PUFA per se did not induce hepatotoxicity as all the serum and liver parameters were normal as compared to vehicle control parameters. Increased levels of TBARS were observed in liver homogenates of rats fed iron per se, so it can be said that chronic iron overload may injure the liver. Alcohol per se showed increased levels of SGPT, iron, liver TBARS and decreased activity of CAT in liver homogenates. Further it was observed that carbonyl iron, PUFA and alcohol in combination intensified liver damage which was observed through dramatic increased levels of SGPT, serum iron, and liver TBARS. The levels of serum proteins and the activities of antioxidant enzymes like SOD and CAT in liver tissue homogenate were also drastically decreased. The weight gain by the rats was decreased and liver to body weight ratio of the rats was found to be increased at the end of the study. In addition, the extent of damage was clearly evident in the histopathological evaluation of rats.

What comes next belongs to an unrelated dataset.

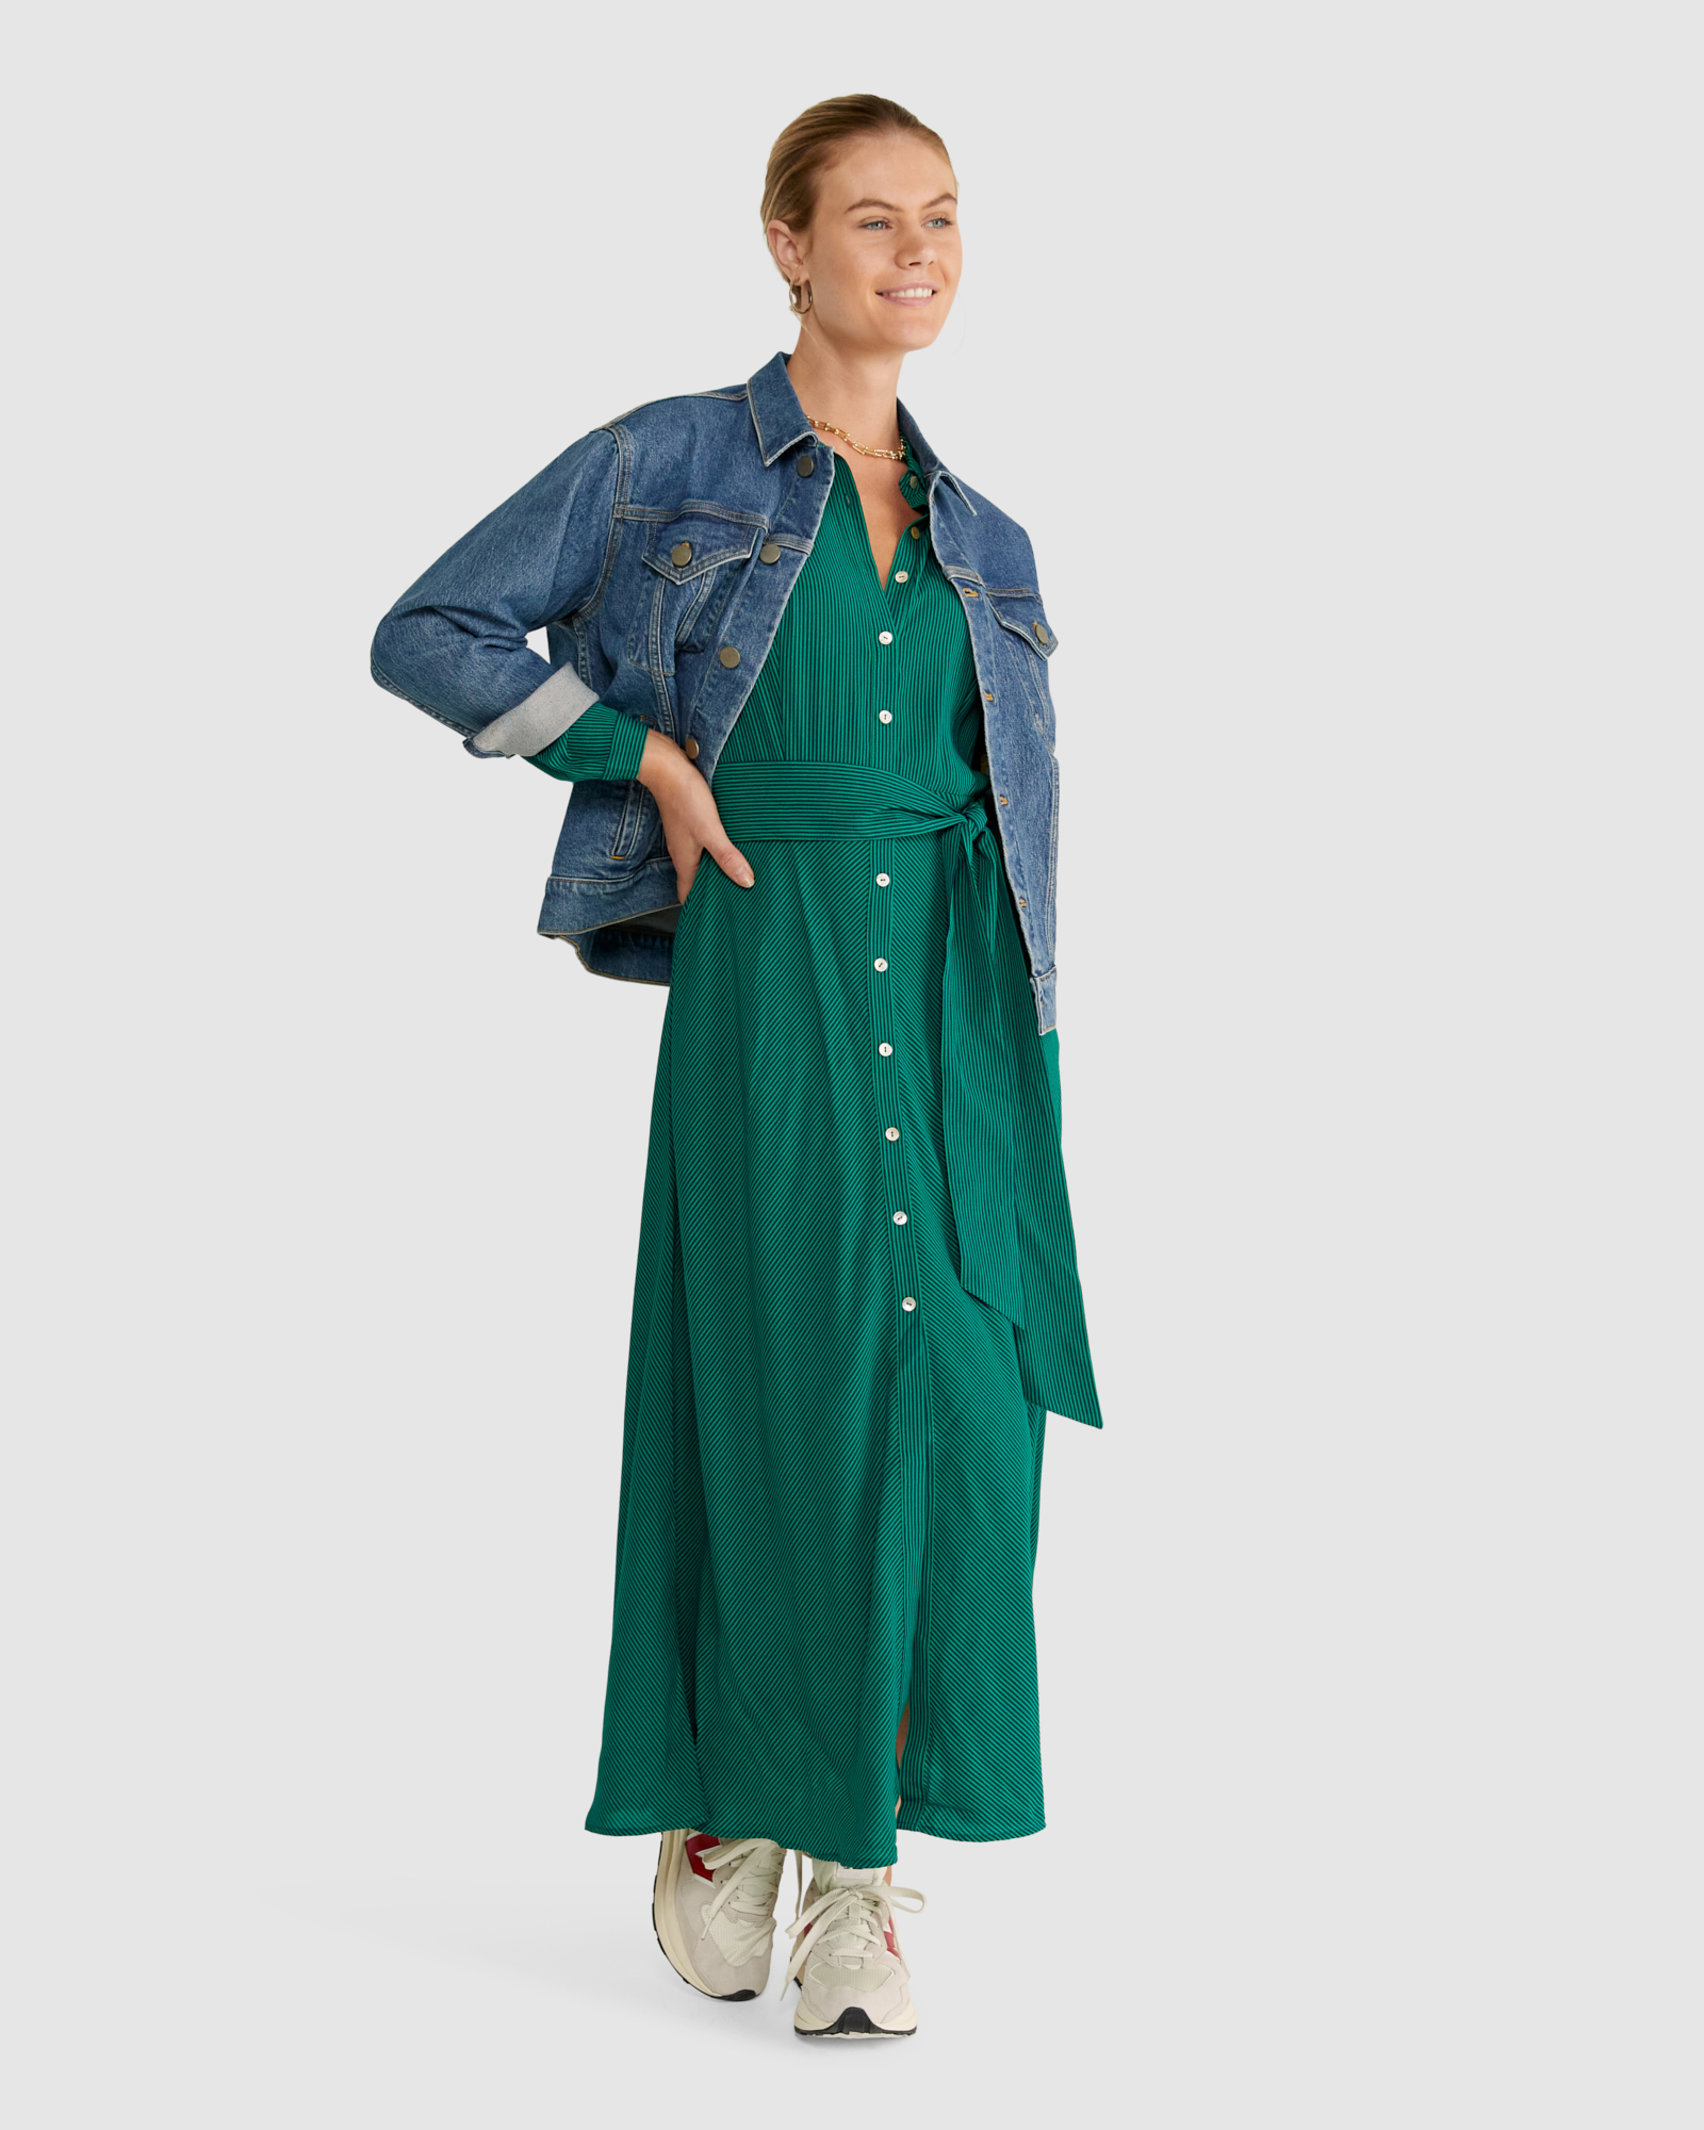 Hildi Heritage Dress in NAVY/GREEN

Thus, this study probed and proved the significant potentiation of liver damage by alcohol, PUFA and iron in combination. Low concentrations of iron and PUFA that do not induce damage by themselves can act as priming or sensitizing factors and precipitate alcohol induced liver damage. This corroborates the hypothesis that iron and PUFA content in diet act as critical modulators of the pathological liver damage induced by alcohol. Additional detail metabolic and epidemiologic studies are needed to better understand the relation between PUFA, iron status and alcoholic liver disease.